Stephanie, Maive, and I had a nice menu del dia dinner for 10 Euro and half way through were joined by Rick, from Holland. It was hard to place his age but he was a wiry, awkward lad who it sounded like was on an extended college program and trying to finish up his philosophy degree. I was a philosophy major and Maive had actually given a talk in the small town in Holland where he grew up so there was no lull in the conversation. If anything, Rick pulled too much philosophy into the dialogue and brought many of the topics we were discussing in circles, which is after all, what us philosophy majors do; just talk the shit out of everything and never really coming to a conclusion. We just look at something from every possible point of view, and then agree there are no absolutes.

While the conversation and company was entertaining (although Rick was a bit much) I was already missing the Bretster. Bret and I hadn’t really been meeting people along the way but rather just doing our own thing. Bret is fine with that but for me, I love to meet new people and hear about what makes them tick, as well as learn about the different paths they have chosen in their life to get them to the present moment. One of the great things I love about traveling is this brief sharing of the stories of our lives.

But when all is said and done, unless there is some amazing connection, these are just superficial meetings, one instant, a Polaroid of the convergence of two lives of choices and experiences. What they ultimately lack is a history behind them, and most likely, they have no future before them.

Every sharing of experience carries a lifetime behind it, and I was missing sharing this experience with Bret, because, after all, we had almost a 20 year history between us. We know each other’s families, as well as friends we have shared from high school through college through living in New York City together, in addition to several weeks of traveling together for Jack Will Travel 1.0.

Pilgrims Don’t Party on the Trail

And one more thing here, since we’re being honest; I like to knock back a little vino from time to time – you know, let loose, have a good time, and see what happens. There is a reason after all that the Bretster calls me Timothy Two-Thirds.
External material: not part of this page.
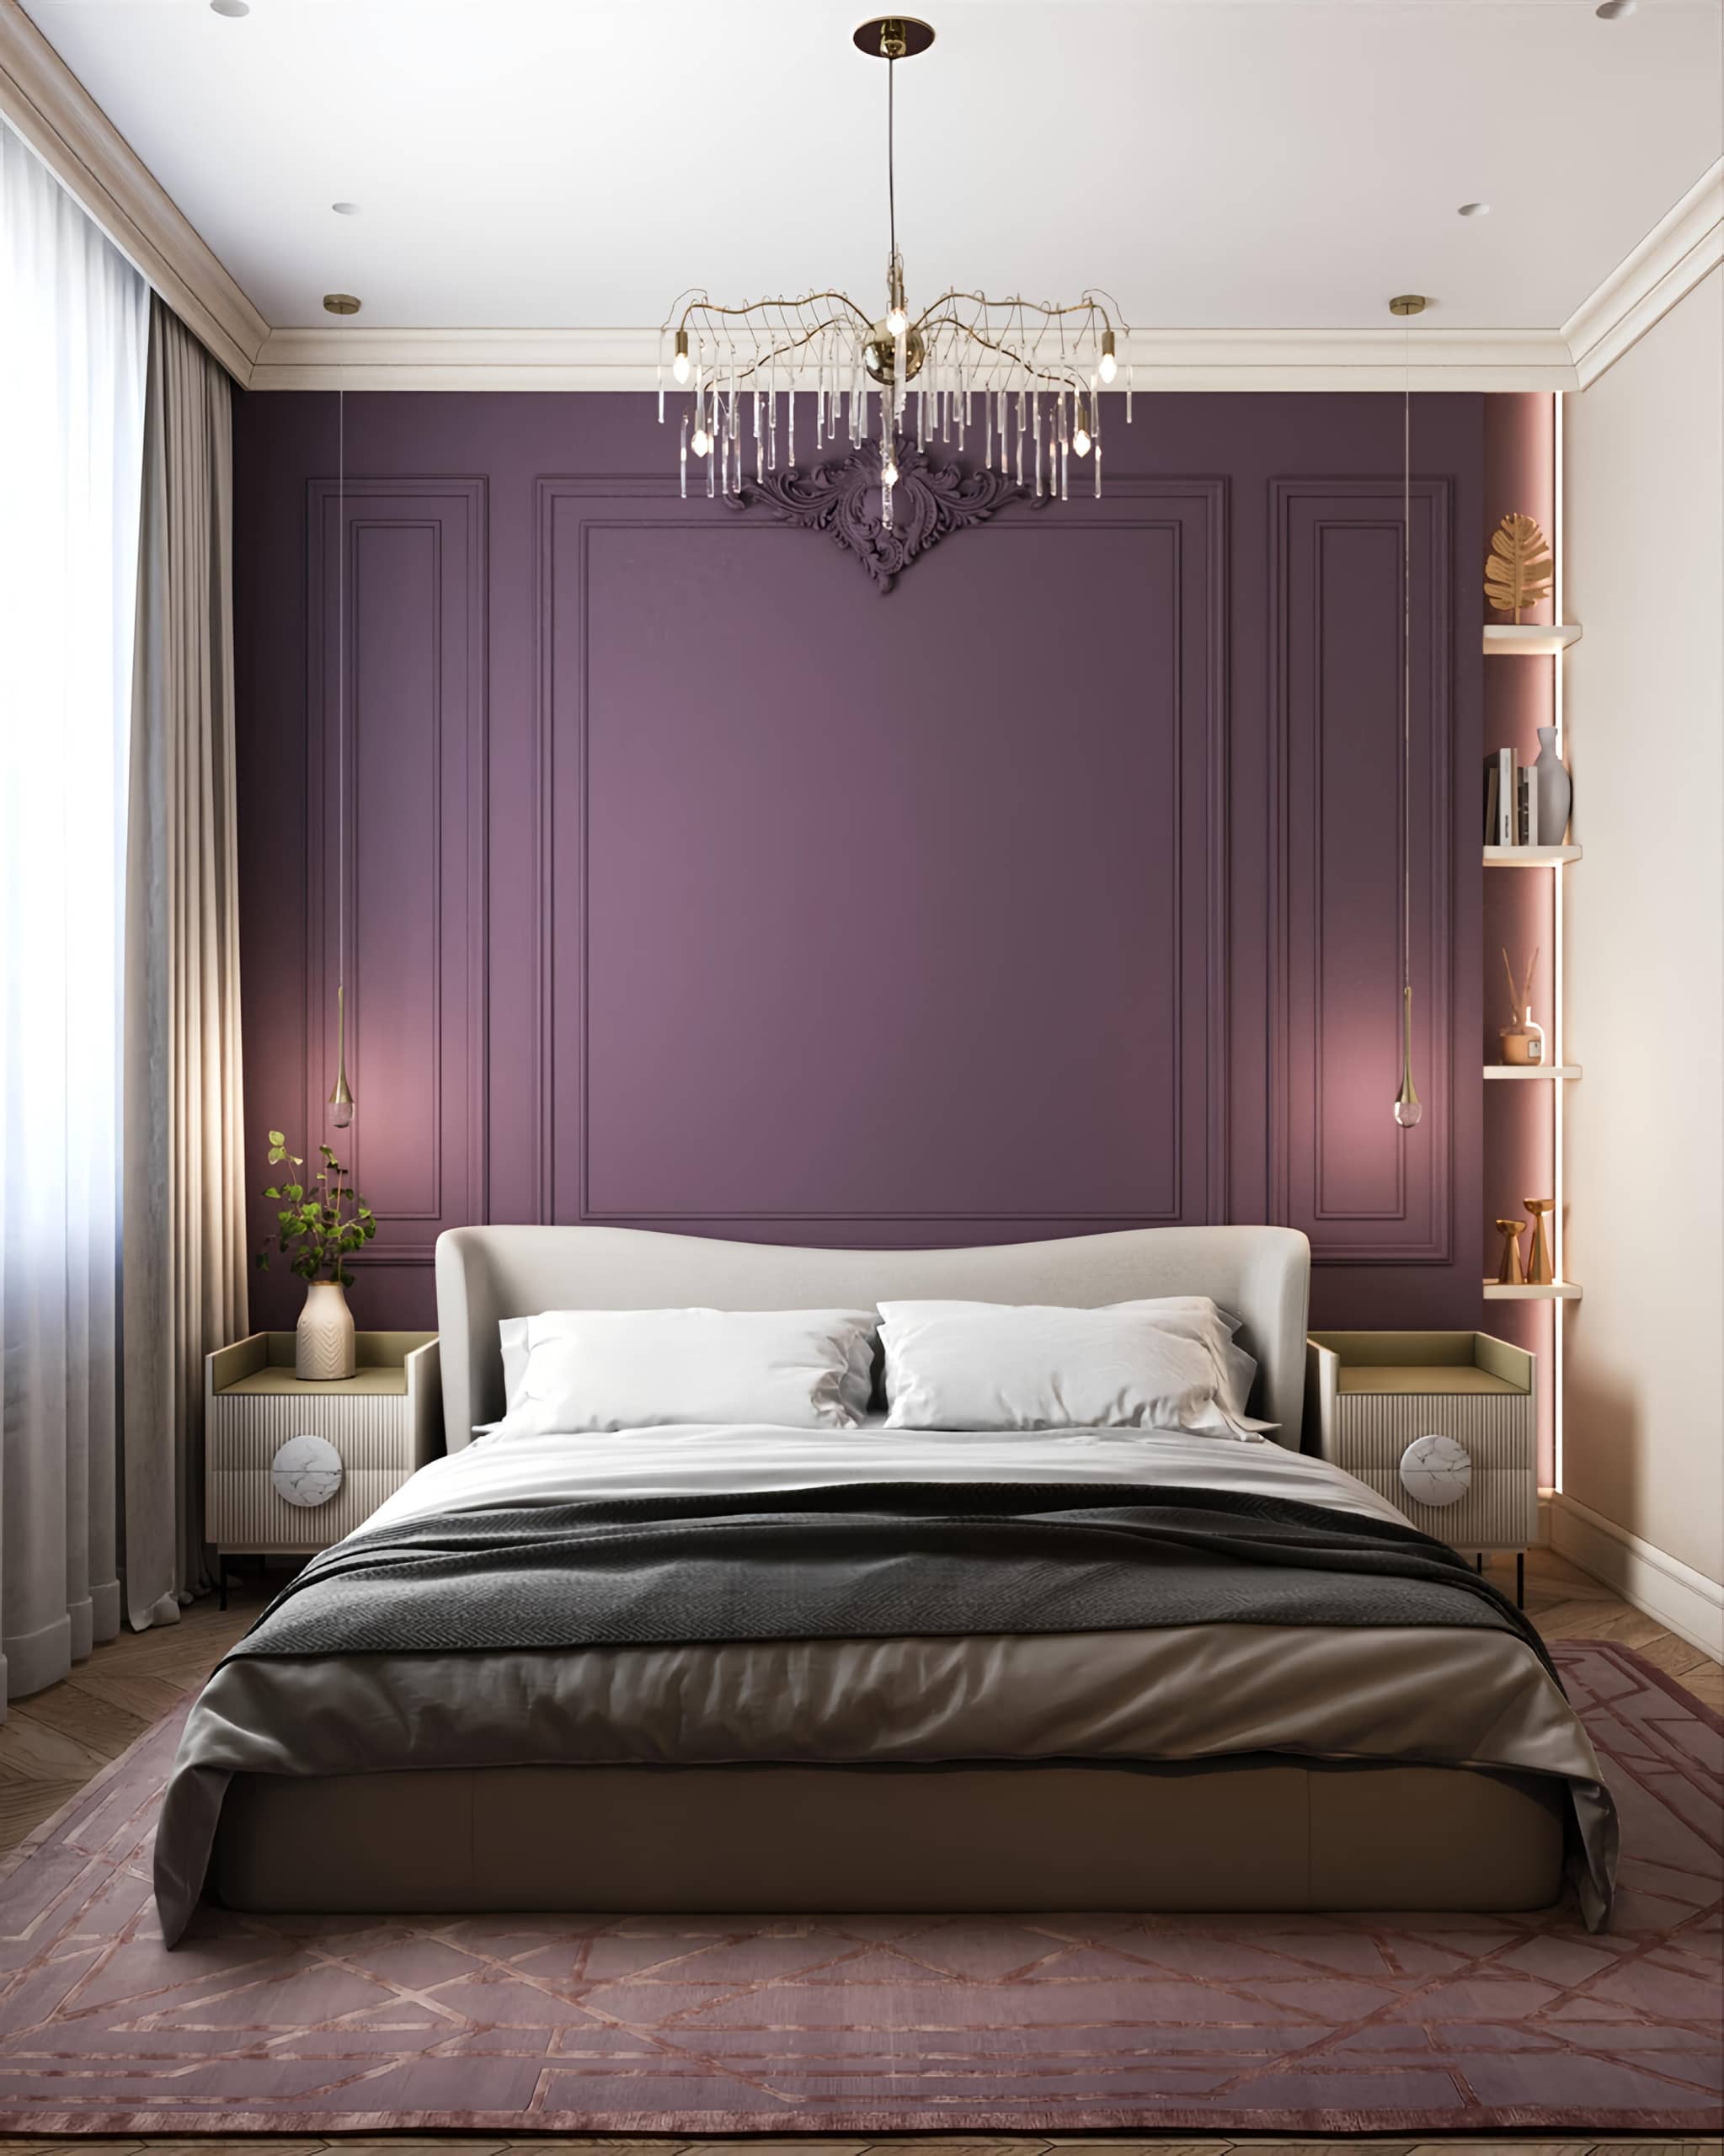 Оформление интерьера спальни в стиле современной классики. Фото № 72396.

It quickly became apparent to me that these pilgrims were on the trail for different reasons than myself. They meant business and were all about logging kilometers and getting to the next town. There really was no time for partying and they were so exhausted by the end of the day that they barely touched their wine. Both Stephanie and Rick had but a taste of wine, leaving the rest to Maive, the Irish woman, and myself. I knew I liked Maive from the get-go.

So that did it. While I admired these pilgrims for their dedication and devotion to hiking the 800 plus kilometers, and in a different setting there’s no doubt we would throw a few back, I was more about the good time than logging kilometers.

After dinner I had a new roommate named Gustav who was from Mexico. He was heading to the Monastery at San Millan the following morning, which I had no idea was a UNESCO World Heritage site and the birth place of the Spanish language. To get there, you had to pass through the town of Berceo where Bret was. Gustav showed me a trail map and so I made up my mind to head there the following morning at first light. I wasn’t sure I was going to be able to track Bret down, but my goal was to reach him before he packed up and moved on.